To make changes to your subscription:
http://www.postgresql.org/mailpref/pgsql-hackers

#14Claudio Freire
klaussfreire@gmail.com
In reply to: Claudio Freire (#8)
Re: [WIP] [B-Tree] Keep indexes sorted by heap physical location

On Thu, Aug 18, 2016 at 6:26 PM, Claudio Freire <klaussfreire@gmail.com> wrote:

On Thu, Aug 18, 2016 at 6:15 PM, Peter Geoghegan <pg@heroku.com> wrote:

On Thu, Aug 18, 2016 at 1:41 PM, Claudio Freire <klaussfreire@gmail.com> wrote:

In fact, that's why non-leaf index tuples need a different format,
because while leaf index tuples contain the heap pointer already,
non-leaf ones contain only the downlink, not the pointer into the
heap. To be able to do comparisons and pick the right downlink, the
original heap pointer in the leaf index tuple is copied into the
downlink index tuple when splitting pages into an additional
IndexTupleData header that is prepended only to non-leaf index tuples.

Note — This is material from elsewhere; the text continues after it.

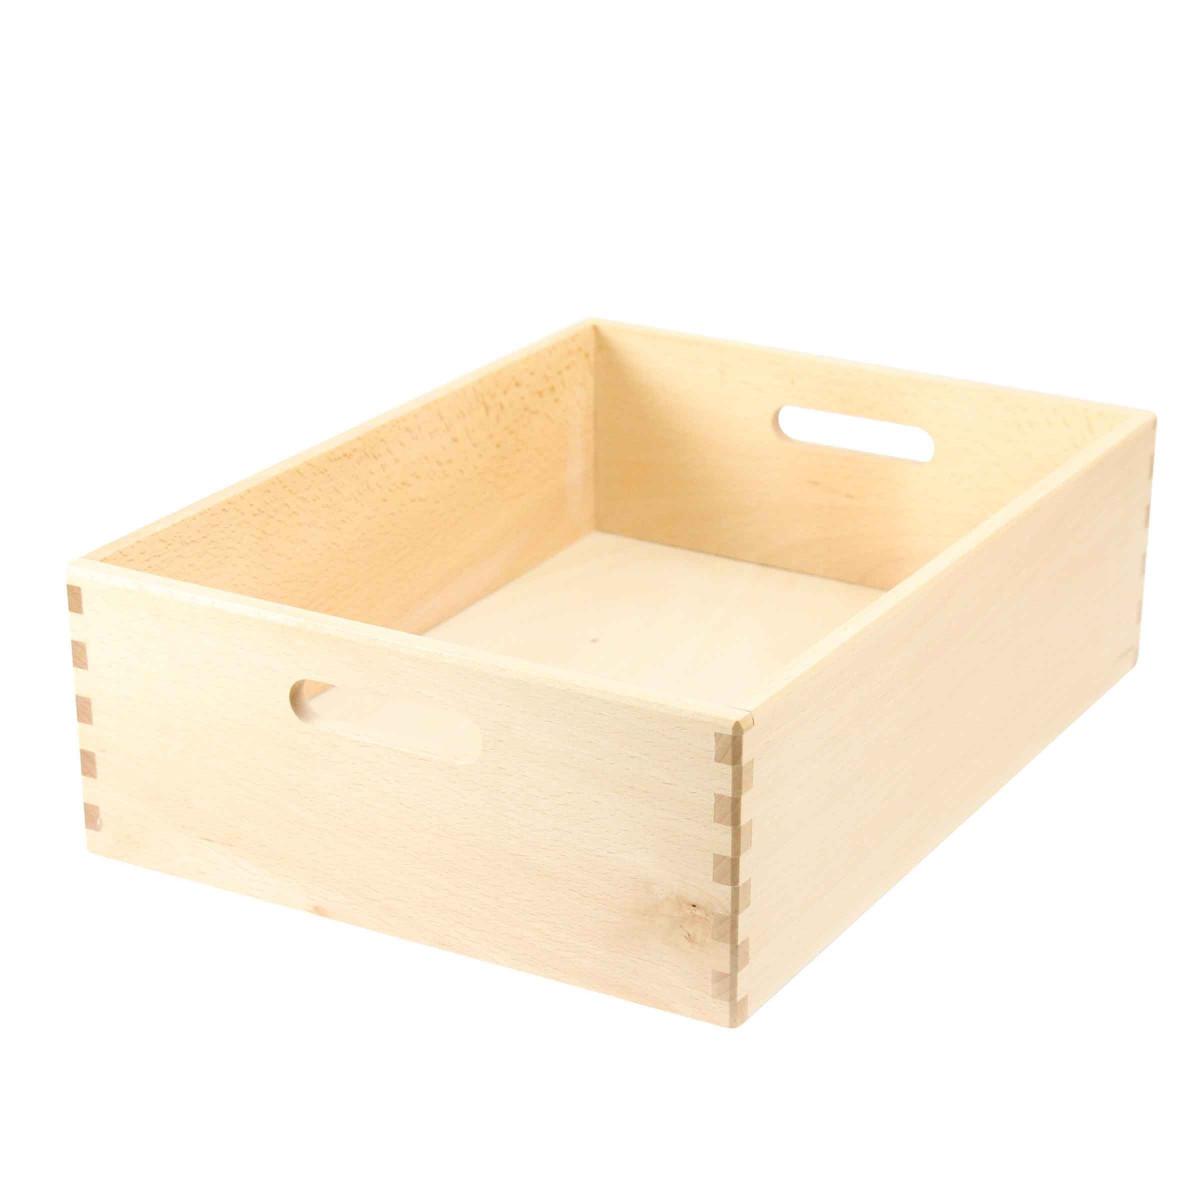 bac de rangement en bois clair 40x30x14. Black Bedroom Furniture Sets. Home Design Ideas

I think that this is a bad idea. We need to implement suffix
truncation of internal page index tuples at some point, to make them
contain less information from the original leaf page index tuple.
That's an important optimization, because it increases fan-in. This
seems like a move in the opposite direction.

I see that. I could try to measure average depth to measure the impact
this had on fan-in.

While it should cut it in half for narrow indexes, half of very high
is still high. Wide indexes, which are are the ones that would suffer
from poor fan-in, would feel this far less, since the overhead is
constant.

Even if it does have an impact, I don't see an alternative, without
also implementing suffix truncation. Perhaps I could try to avoid
adding the leaf tid header if it isn't necessary, though I would have
to use up the last available flag bit in t_info for that.

So, I did some tests.

TL;DR version is, as expected, there is a big impact on narrow
indexes, but I don't believe it's something to be worried about.

**Begin LONG version** (skip to end long version if not interested)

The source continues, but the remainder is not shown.